Sichtscheibe des Kaminofens regelmäßig reinigen

Um viel Freude an seinem Kaminofen zu haben, ist außerdem ein guter Blick auf das lodernde Feuer wichtig. Moderne Kamin- und Kachelöfen haben deshalb häufig eine besonders große Scheibe oder lassen sich drehen, so dass man Brennraum und Scheibe zum Betrachter hin ausrichten kann. Doch nur wenn die Scheibe auch sauber ist, kommt man in den vollen Genuss.

Für die regelmäßige Reinigung braucht man keine teuren Reiniger oder gar Spezialgeräte. Der Asche-Trick leistet hier gute Dienste. Zur Beseitigung der groben Verschmutzungen knäult man einfach etwas Zeitungspapier zusammen, befeuchtet es mit Wasser und nimmt damit etwas Asche auf. Nun reibt man die kalte Scheibe ab. Wichtig ist, dass man ausschließlich die weiße Asche verwendet. Groben Schmutz kann man so wunderbar von der Scheibe entfernen und erhält wieder vollen Durchblick.
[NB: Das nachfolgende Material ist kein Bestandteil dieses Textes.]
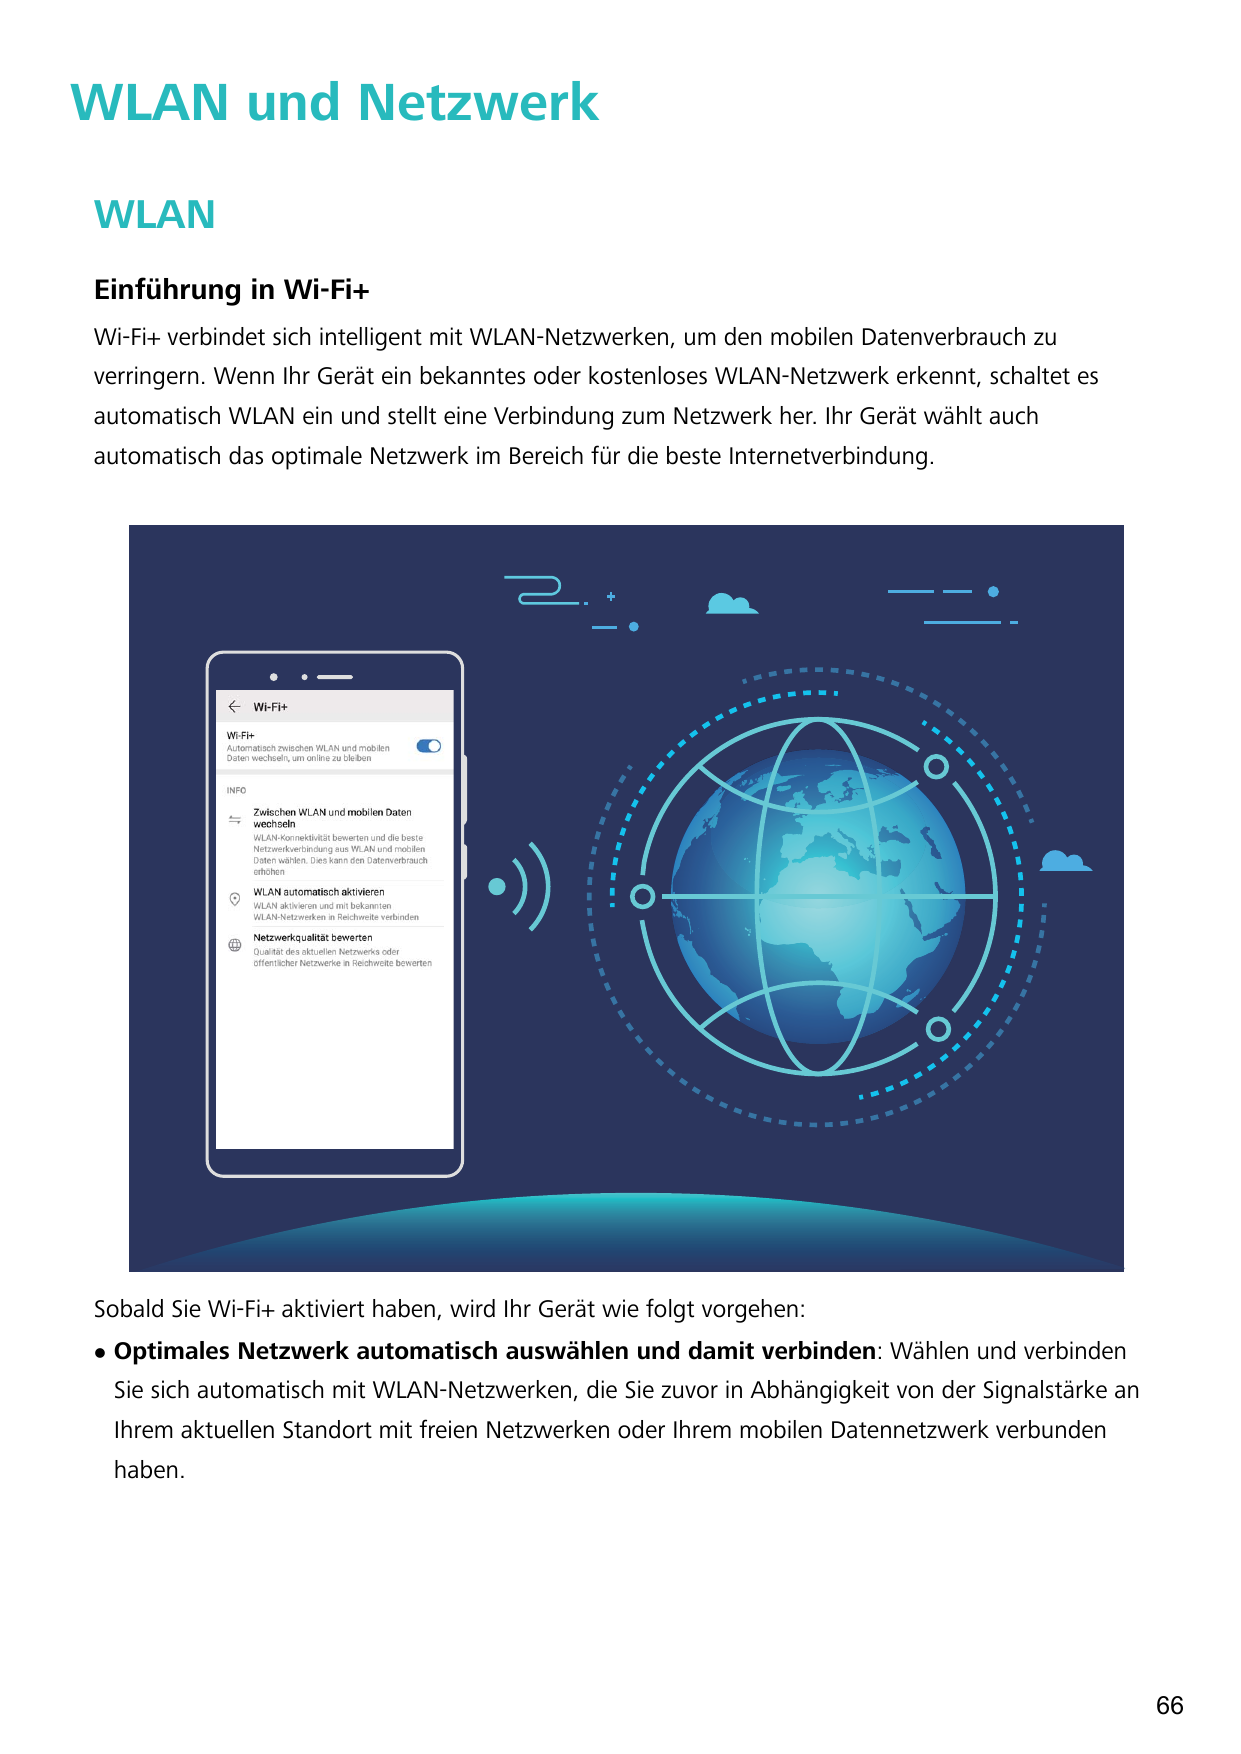 WLAN und NetzwerkWLANEinführung in Wi-Fi+Wi-Fi+ verbindet sich intelligent mit WLAN-Netzwerken, um den mobilen Datenverbrauch zu

Bei Bedarf kann man noch mit Glasreiniger und einem weichen Tuch nacharbeiten, damit die Scheibe wirklich einwandfrei sauber wird. Achten Sie dann aber darauf, dass keine Feuchtigkeit hinter die Türdichtung läuft. Für die gelegentliche Reinigung zwischendurch genügt ohnehin oft schon das Abreiben mit Zeitungspaper.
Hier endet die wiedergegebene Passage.